8) Se disputer n’est pas le signe d’une mauvaise relation, mais ne pas se réconcilier rapidement l’est.
Selon le Dr John Gottman, spécialiste des relations amoureuses, les disputes font partie intégrante de la vie d’un couple sain. Ce n’est pas la dispute en soi qui indique un problème dans la relation, mais la façon dont nous nous disputons et la rapidité et l’efficacité avec lesquelles nous nous réconcilions. Les disputes peuvent en fait être l’occasion d’approfondir votre relation. Elle permet d’exposer les différences, de libérer les émotions refoulées et d’apporter plus d’honnêteté à la conversation. Les couples doivent veiller à ne pas être trop hostiles lors des disputes. En fait, les partenaires sûrs d’eux ont tendance à prendre soin l’un de l’autre, même dans les moments difficiles. Et plus que le fait d’avoir eu une dispute ou non, c’est la façon dont vous réparez les dégâts qui importe. Efforcez-vous de vous réconcilier, de vous excuser et de comprendre votre partenaire dès que possible. Plus vous vous sentez déconnecté, plus les sentiments négatifs s’inscrivent dans la mémoire à long terme. Lorsque les disputes sont bien réparées, nous avons tendance à nous souvenir davantage de la prise de contact et de la reconnexion que de la dispute.

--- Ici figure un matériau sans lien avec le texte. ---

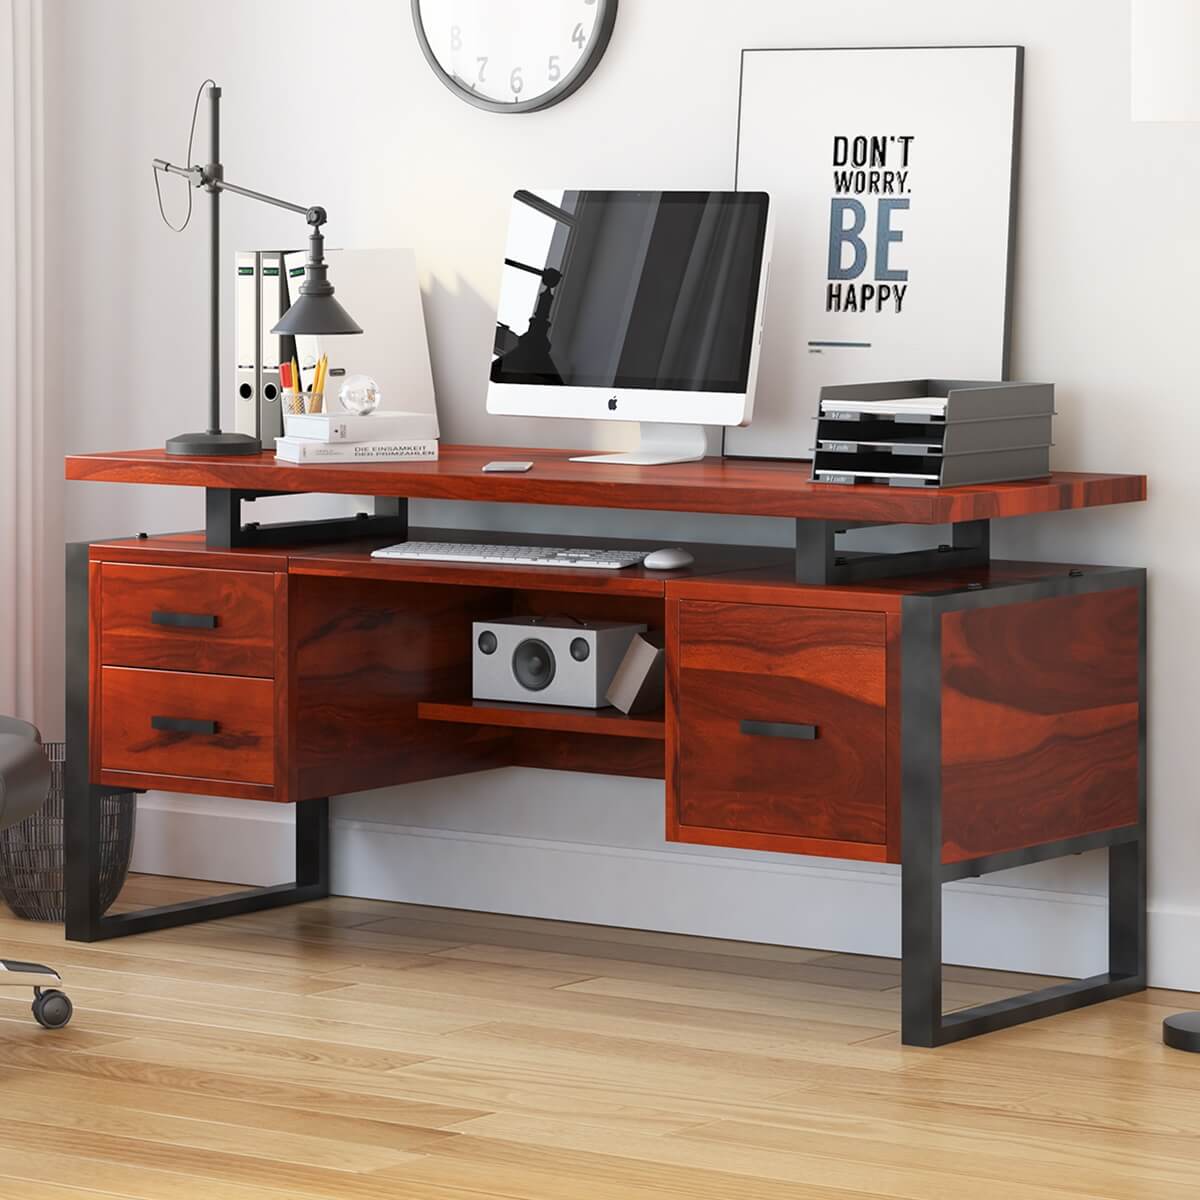 https://www.sierralivingconcepts.com/images/thumbs/0399991_hondah-solid-wood-64-inch-modern-industrial-home-office-desk.jpeg

9) La création de moments positifs l’emporte sur le traitement des moments négatifs
Le Dr Gottman a également constaté que les couples se rétablissent plus rapidement et construisent mieux leur relation en créant des souvenirs positifs qu’en passant beaucoup de temps à traiter les expériences négatives. Les partenaires peuvent tourner en rond pour essayer de réparer et de comprendre une différence qui provoque une véritable déconnexion. En réalité, la plupart des problèmes sur lesquels les couples se disputent sont insolubles et n’ont pas besoin d’être résolus. À un moment donné, arrêtez de vous taper la tête contre le mur et emmenez l’autre passer une journée ou une soirée agréable. Allez au bowling, faites quelque chose de stupide ensemble, prenez un cours de théâtre ou un cours de yoga en couple. Faites-vous rire l’un l’autre, ou faites-vous chatouiller l’os drôle par un bon spectacle comique. L’expérience et le souvenir positifs partagés contribuent grandement à annuler les sentiments négatifs !
10) Nous parlons trop
Je sais, certaines personnes aiment parler. Et parler peut être un moyen de se sentir plus proche. Mais lorsqu’il s’agit de savoir comment nous nous situons par rapport à notre partenaire, le cerveau aime les choses simples. La partie de notre cerveau responsable du sentiment de sécurité a du mal à négocier le sens des phrases complexes. Elle préfère les phrases courtes et précises. Pour aller droit au but. Lorsque vous voulez vraiment exprimer ce que votre partenaire représente pour vous et à quel point vous êtes fou de lui, choisissez des mots puissants qui disent ce que vous voulez dire de façon concise et directe. Regardez votre partenaire dans les yeux pendant que vous parlez pour obtenir un effet maximal. Certains partenaires peuvent se sentir dépassés par trop de mots à la fois. Essayez de dire « J’ai besoin de toi » et « Tu es la chose la plus importante pour moi » sans aucun mot supplémentaire et observez la partie la plus profonde de votre partenaire réagir !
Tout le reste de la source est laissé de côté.